Put simply, we will face deadlier and more contagious pandemics in the future. This is one of the realizations that society, at large, has been brought to. We need to begin developing more effective strategies for dealing with pandemics that address the problem directly rather than delay it.
Although seemingly simple, a lack of sanitization seems to be the underlying factor that makes pandemic grow to deadly heights, especially for non-symptom showing viruses like Covid-19. Unfortunately, our traditional methods of proper sanitization are very ineffective because they rest on the assumption that all people in public are regularly washing their hands, wearing face masks, etc.
Another problem that is evident with our public health responses is the lack of transparency given to people going to grocery stores, restaurants, or any other places of necessity during lockdown. Doing so is a tremendous risk given how crowded these locations can be coupled by how contagious the virus itself is.

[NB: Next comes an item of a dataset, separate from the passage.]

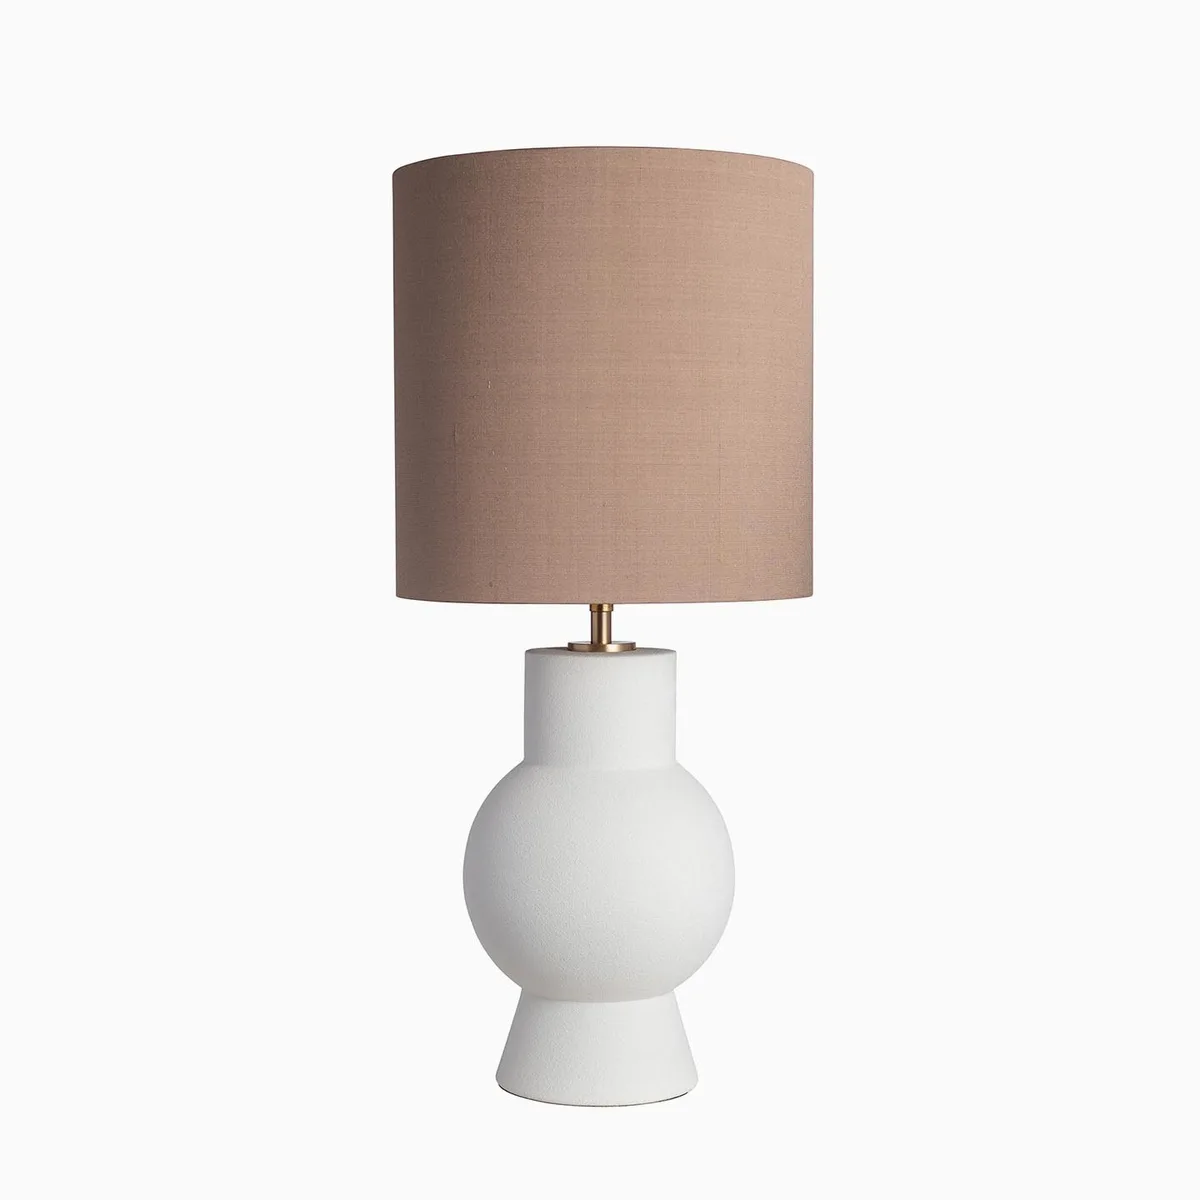 Aster table lamp white

With this in mind, we sought to create a novel product solution that integrates both a hardware and a software feature set. The product, which we call Korisio (Greek for "without virus"), comes with an app that is intended to be widely distributed among the public. Statewide, the app can communicate with specially designed hardware beacons that can be set up at the entrances of public buildings like your local department store, for instance.
The functionality of Korisio is quite straightforward. In order to address the sanitization problem described earlier, the hardware-beacon will only allow people to enter if they are wearing a mask and if they apply hand sanitizer upon entering. For the purpose of prototyping, a green LED flashes to indicate that a person can go in. The mask detection software uses a tiny-YOLO machine learning model that we trained using an augmented image dataset of 2310 images. We additionally fine-tuned hyperparameters in the overall structure to improve the model's ability to "generalize". Once a frame is processed by the camera, an accelerated GPU stick on a raspberry pi runs the frame through the algorithm to get a simple "mask" or "no mask" answer. If the person is wearing a mask, they are prompted on the LCD display of the hardware beacon to apply hand sanitizer. The hands-free hand sanitizer dispenser we created will only dispense once the distance/PIR sensors perform a calculation and determine that a hand is beneath it. Now, as you are likely wondering, how is the app involved in this? After applying hand sanitizer, the person is prompted to show a QR code that encodes the person's county location. This QR code is generated via. the app and processed by an OpenCV algorithm running on the raspberry pi CPU. The information on the person's county is important for collecting statistics on where people visiting the public location are coming from. These statistics as well as a calculated risk-rating that uses CDC standards are displayed onto the LCD display as well as the user's phone, which clears up transparency by allowing the person to take necessary precautions upon entering. All of the cloud communication is done via. an API called pubnub. If the person does not have the app installed (which ideally should be installed), then they can say aloud their county location into a microphone that we rewired to function with the raspberry pi. A voice recognition API parses the person's speech and updates the statistics. Once all the above criteria has been met, the person will be allowed entrance.